- [Exercise]:
Once the line holding "How To Choose Your" is found in the entries below, transcribe exactly every line up to and including the one holding "Rain is good", but leave out the pictures.

- [Source records]:
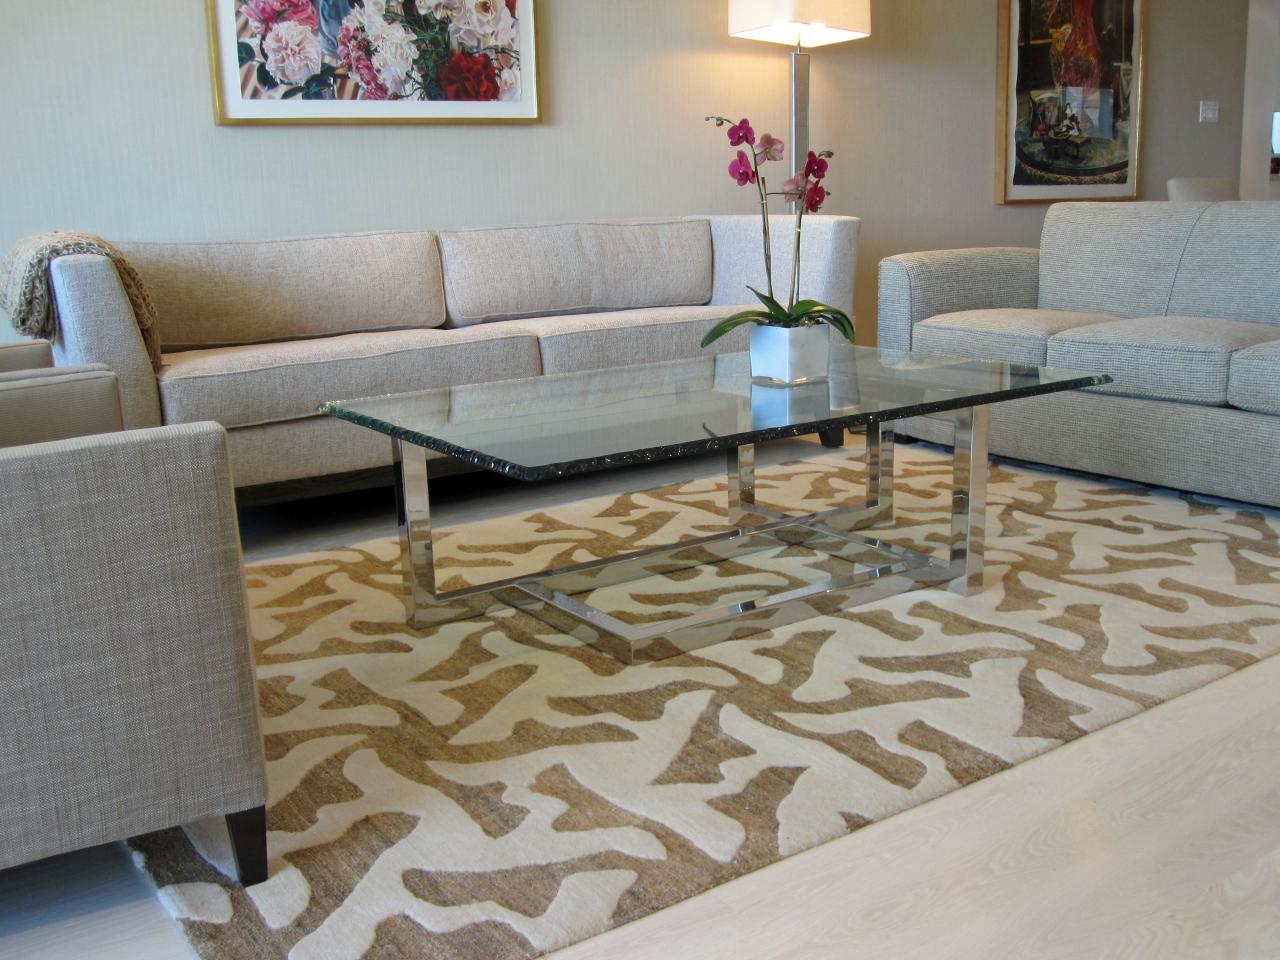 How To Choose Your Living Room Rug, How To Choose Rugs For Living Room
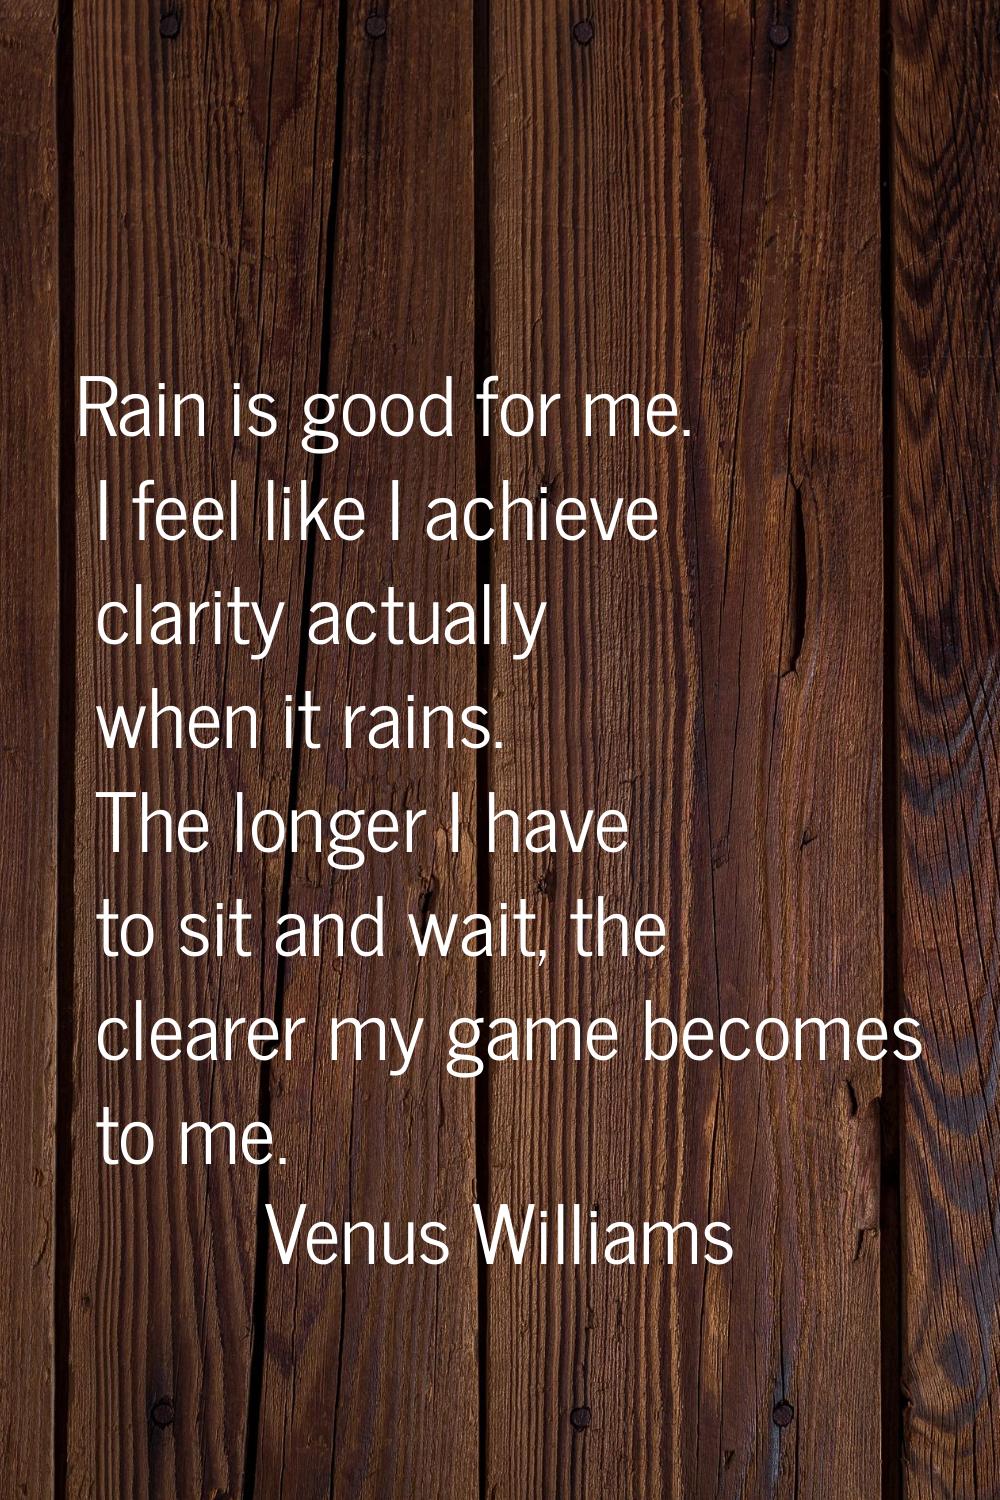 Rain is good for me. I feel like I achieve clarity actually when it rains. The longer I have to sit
==
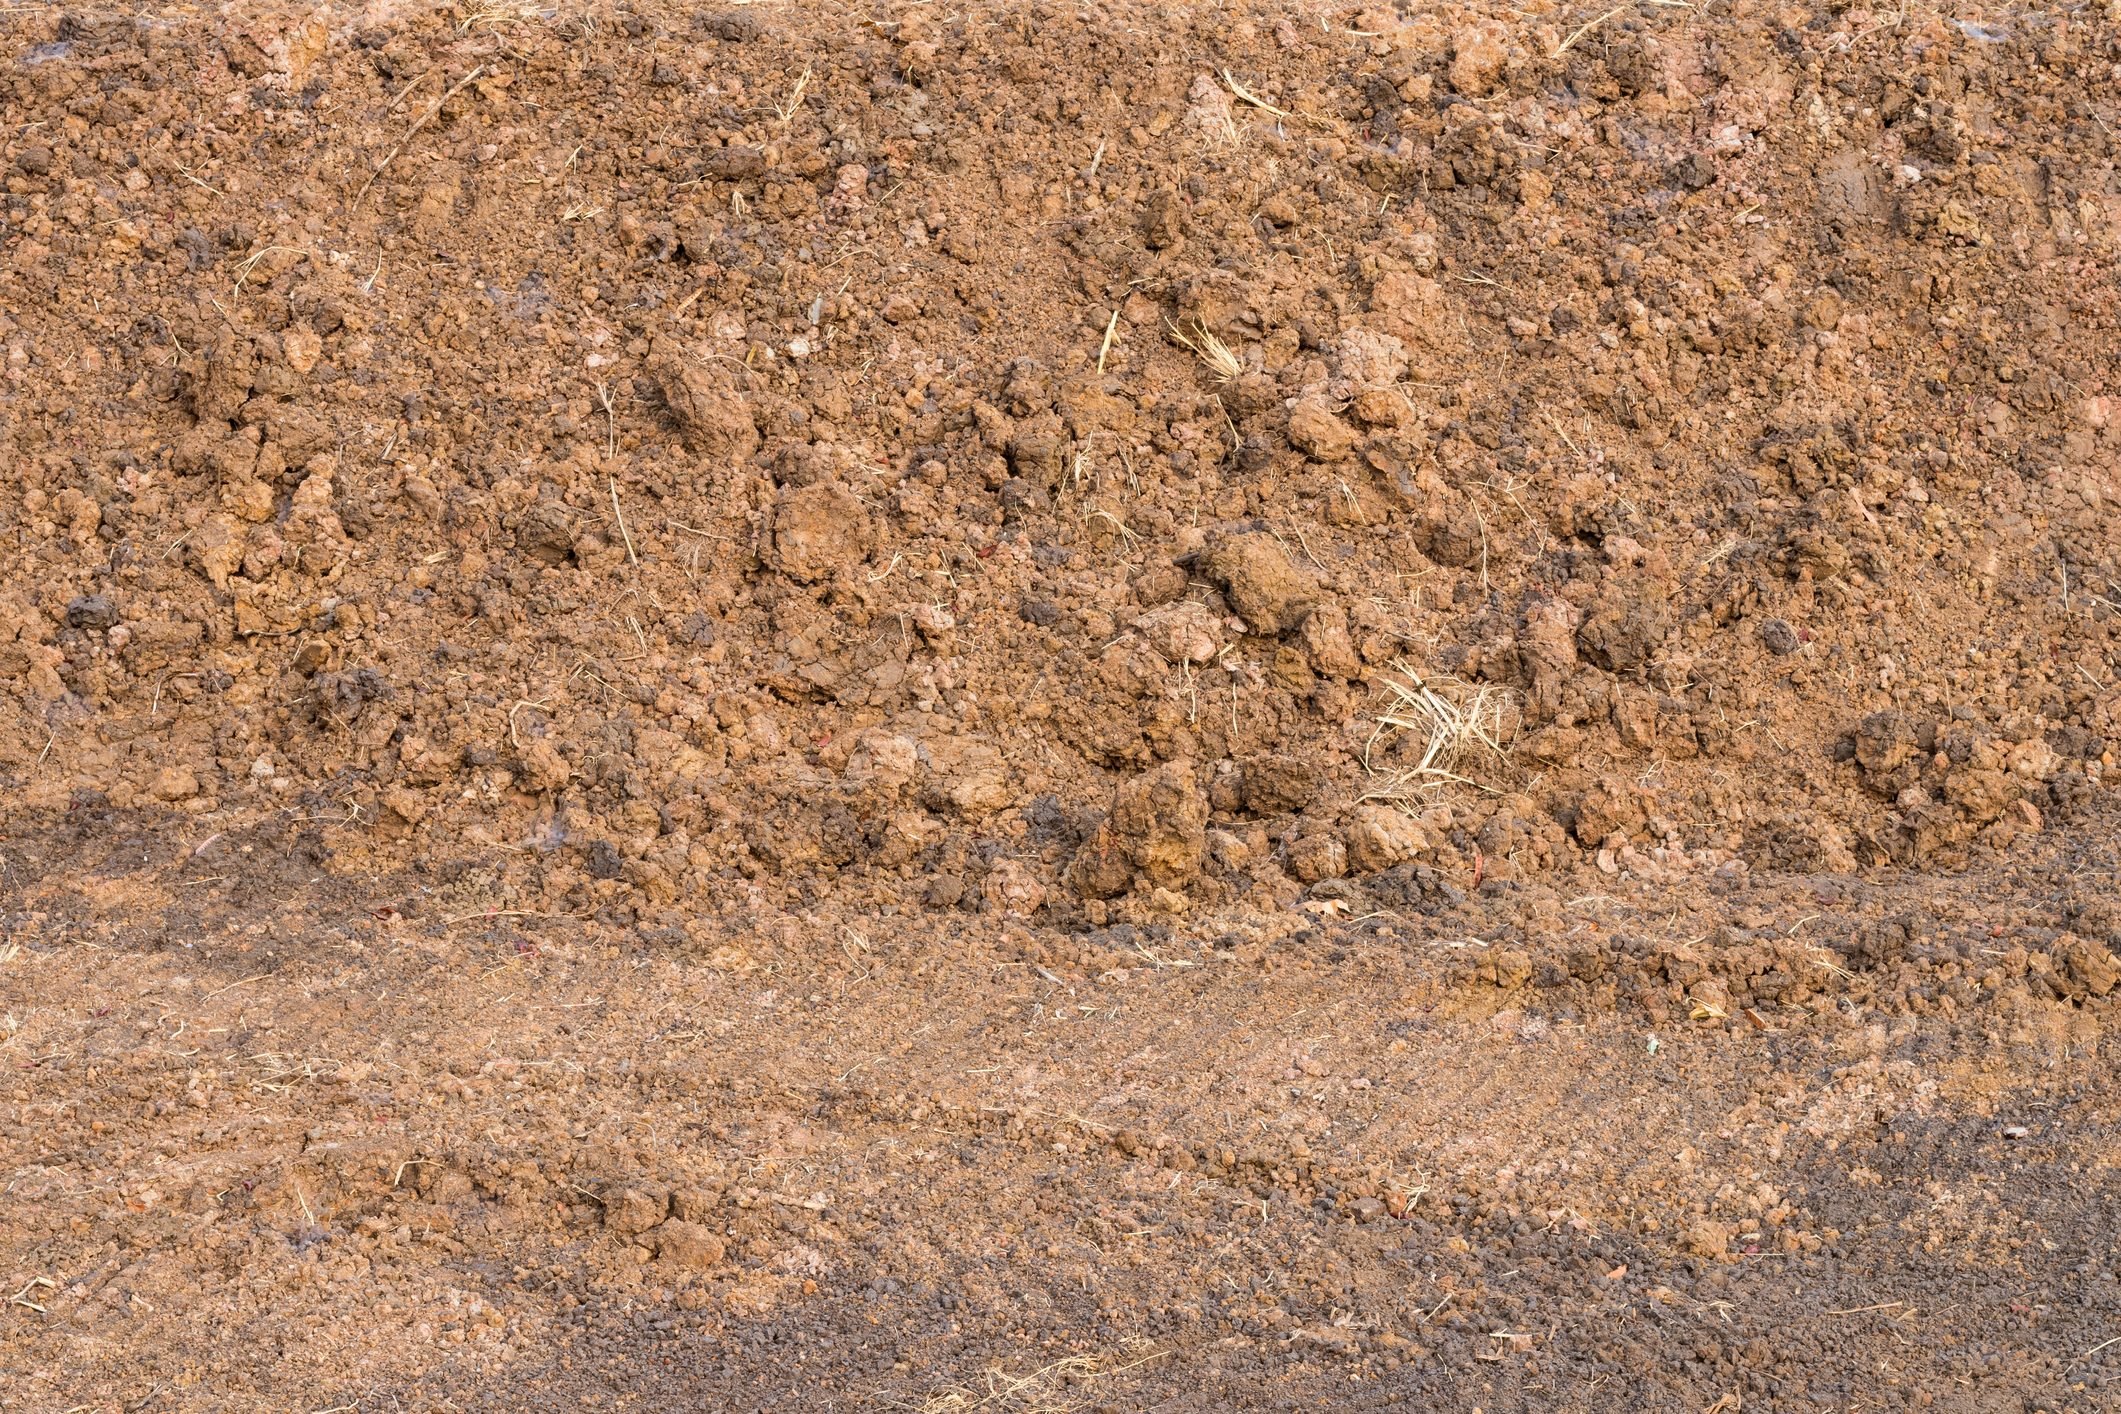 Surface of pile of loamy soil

- [Response area]:
 How To Choose Your Living Room Rug, How To Choose Rugs For Living Room
 Rain is good for me. I feel like I achieve clarity actually when it rains. The longer I have to sit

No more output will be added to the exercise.